Recensione “Awake – Anestesia cosciente” (2007) di Joby Harold

Scritto il 19 Novembre, 2008 in Recensioni Film dal 2000 ad oggi

Il giovane rampollo di una ricca famiglia (Hayden Christensen), forte di intelletto ma debole di cuore, è in attesa di un nuovo organo che possa donargli una vita migliore.

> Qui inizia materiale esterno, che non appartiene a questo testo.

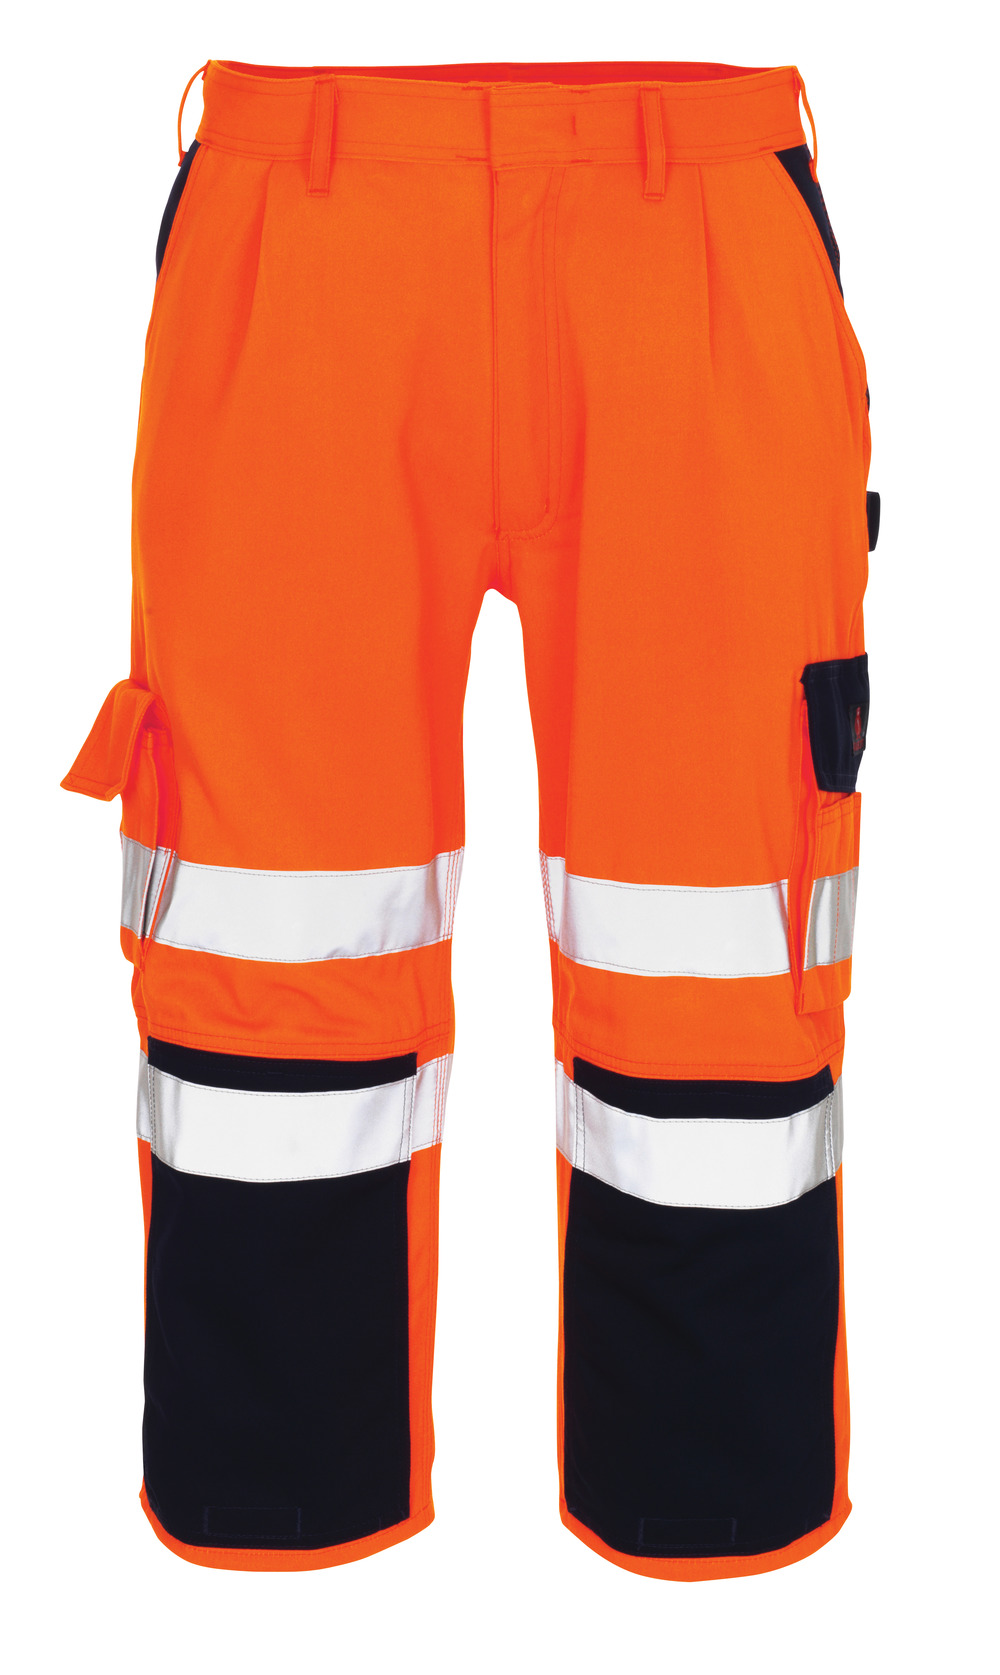 07149-860-141 ¾ Length Trousers with kneepad pockets - hi-vis orange/navy
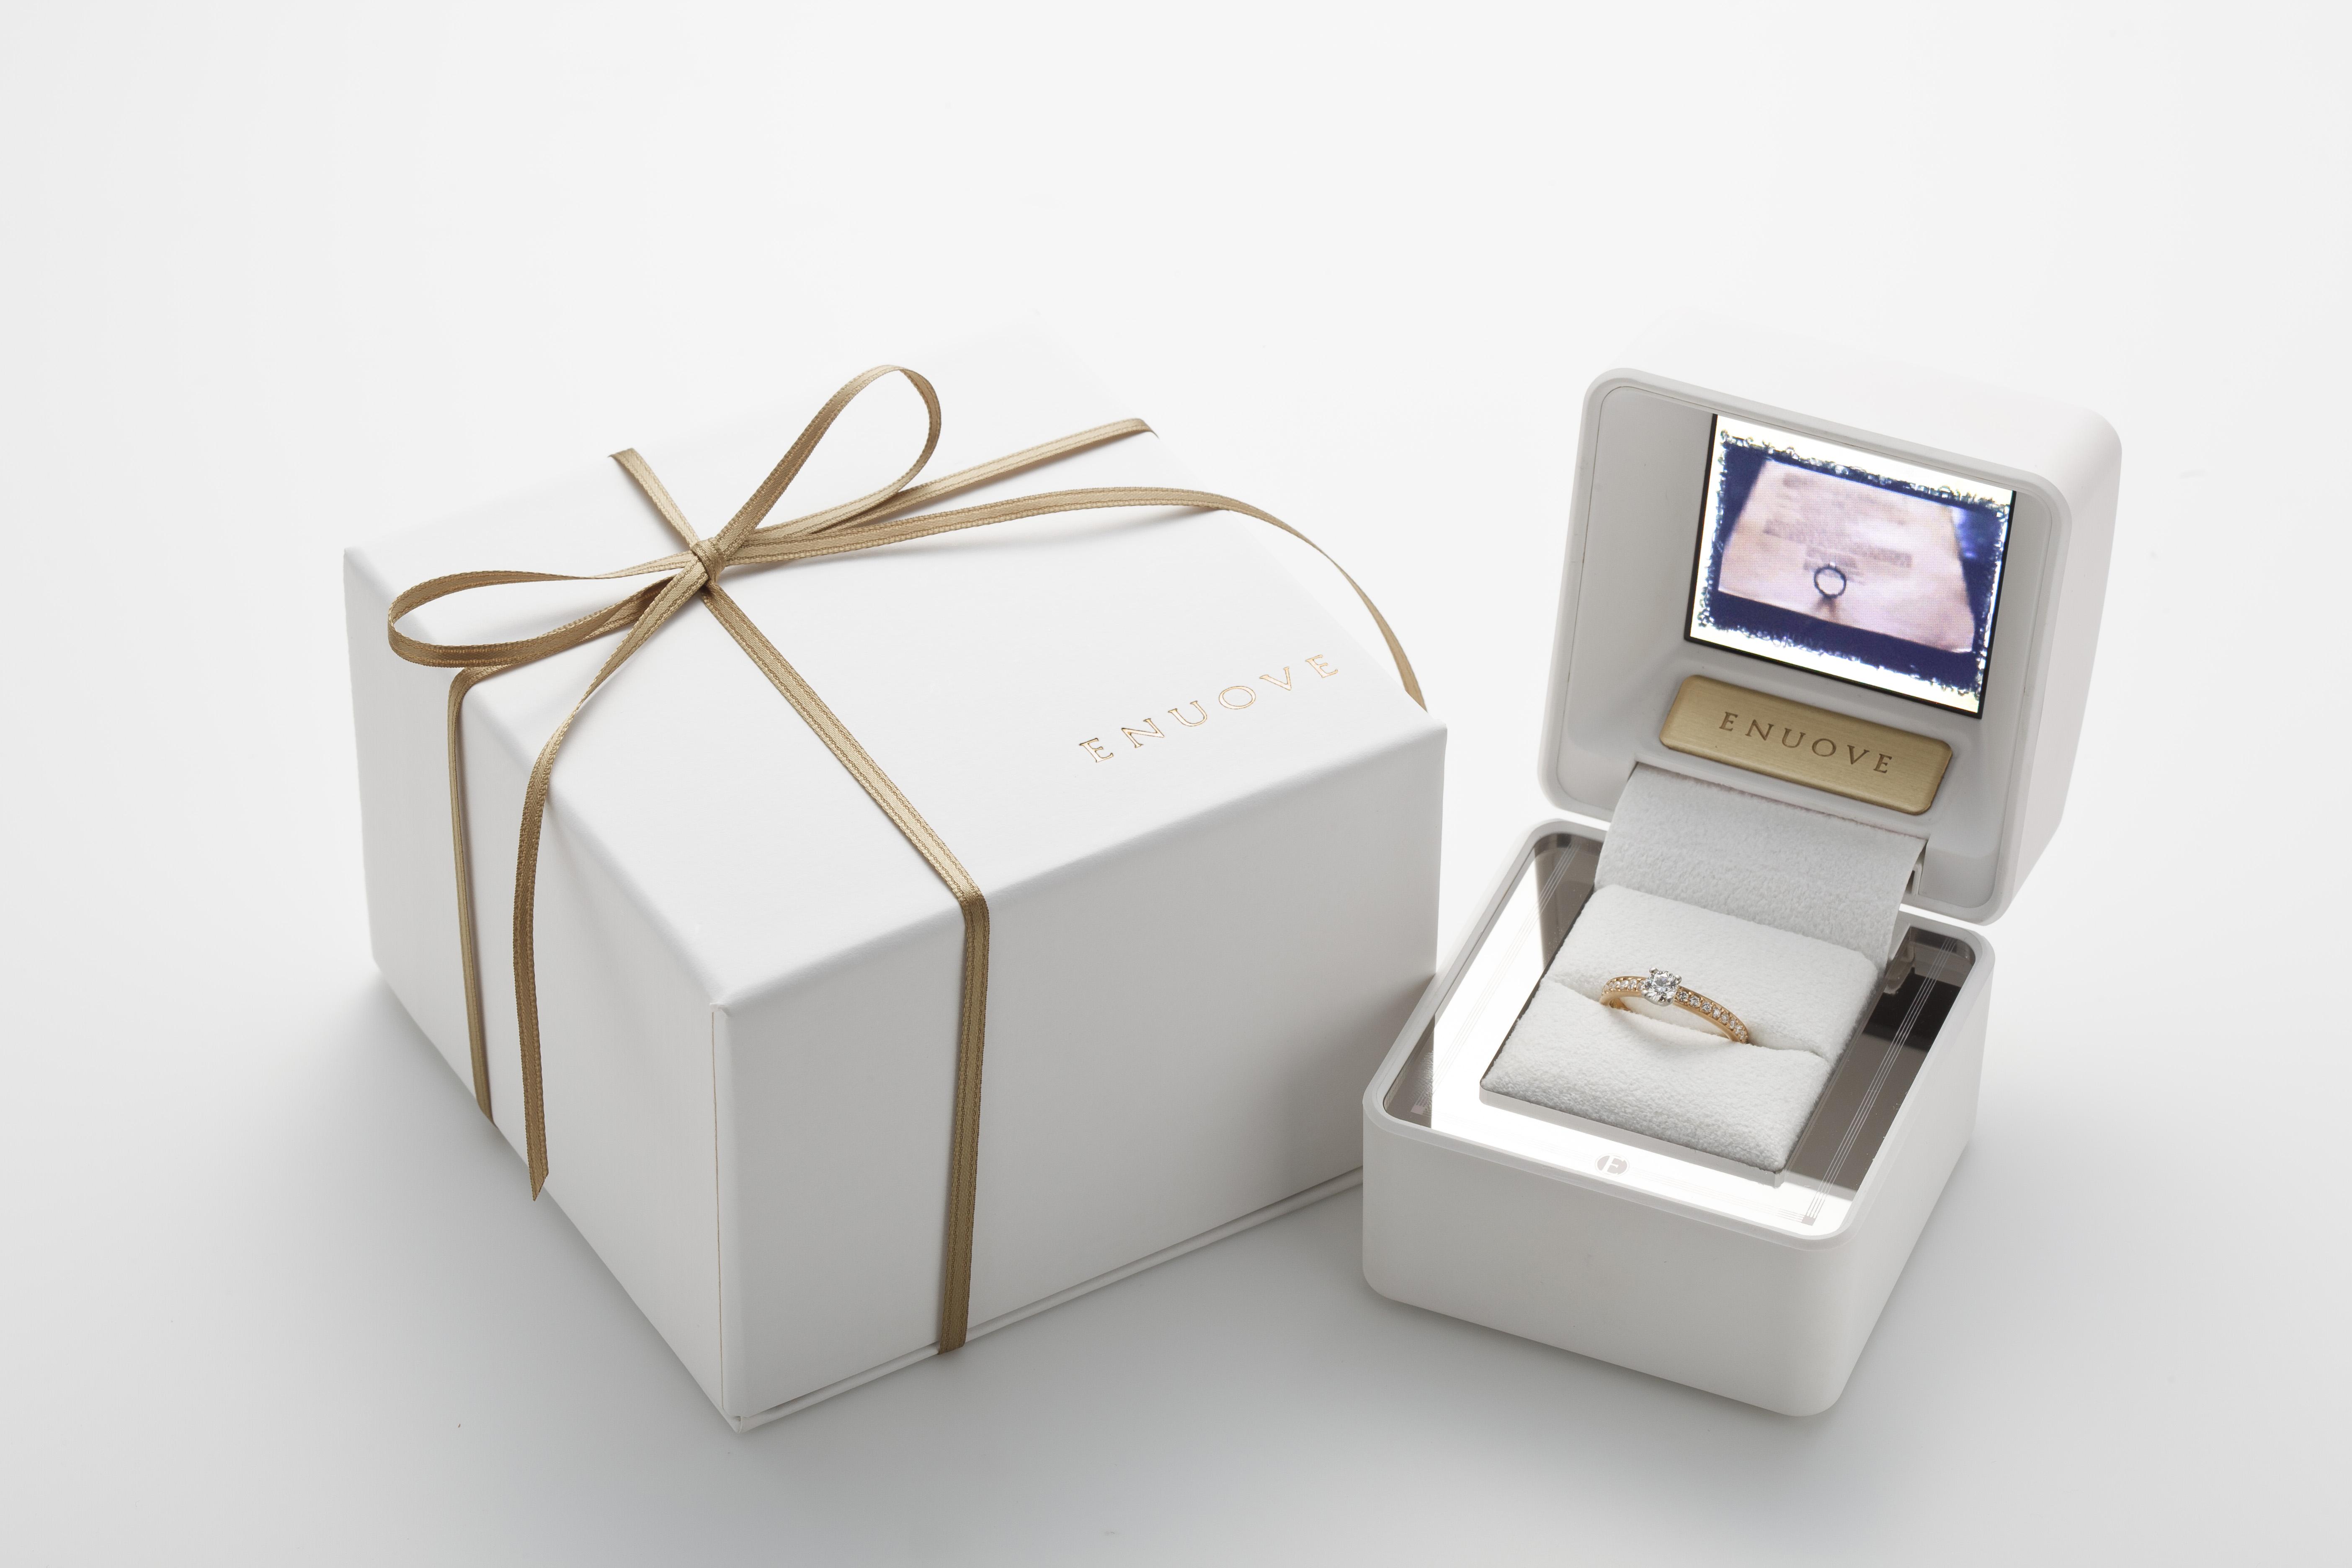 http://www.eikodo-bridal.jp/cms/wp-content/uploads/2013/03/movie-box.jpg

Nel frattempo quei pochi battiti che gli rimangono continua a dedicarli alla giovane Sam (Jessica Alba), da pochi mesi al suo fianco.
Una relazione segreta, nascosta dalla luce del giorno per paura di un possibile rifiuto della madre, particolarmente attaccata al figlio dopo la prematura morte del marito.
Una volta trovato il nuovo cuore, al fortunato non resta che scegliere il medico che dovrà occuparsi della sua rinascita.
L’amico fidato Jack, che lo ha seguito durante il suo calvario, o l’antipatico amico di mamma, che può vantare attestati su attestati ma, a conti fanti, è un perfetto sconosciuto?
Scelta ovvia.
Meno ovvio è l’esito dell’intervento, o più precisamente dell’anestesia.
Paralizzato sul lettino, ma totalmente cosciente, il giovane sarà costretto ad affrontare la più tremenda delle avventure, scoprendo lungo il cammino orribili segreti.
Contrariamente a quanto volevano farci credere i trailer, Awake non è un horror, bensì un giallo.
Già questo basterebbe a cambiare le carte in tavola, spingendo a rivalutare gran parte dei pregiudizi iniziali.
Non è neanche un brutto giallo anzi, possiede due o tre colpi di scena azzeccati che riescono ad animare il plot, incentrato sul classico gioco delle scatole cinesi.
Purtroppo manca di plausibilità, ma questo era un rischio dietro l’angolo.
Basare un intero lungometraggio sul viaggio interiore di uno sfortunato costretto all’immobilità (cosa realmente possibile, stando a quello che dicono le frasi di apertura) non è certo cosa facile da gestire, ancor più se l’espediente narrativo adottato punta tutto sulle presunte potenzialità dell’anima, pronta a muoversi all’interno dei ricordi in una maniera tale che cerca di richiamare il Cronenberg di Spider, ma con risultati diametralmente opposti.
Un vero peccato perché le potenzialità della storia erano molte, come anche quelle della regia.
Ma tutto sembra affrettato e trattato con superficialità.
Se escludiamo l’interpretazione dei protagonisti (che si sono guadagnati due nomination ai Razzie Award), molte sono le cose potenzialmente irritanti.
A cominciare dalla sciatteria con cui è trattato l’ambiente ospedaliero.
Sale operatorie che necessiterebbero di una porta girevole tanto è il viavai, e anestesisti che tra un operazione e l’altra sorseggiano tranquillamente alcol dalla loro riserva personale, che ovviamente portano sempre nel taschino del camice.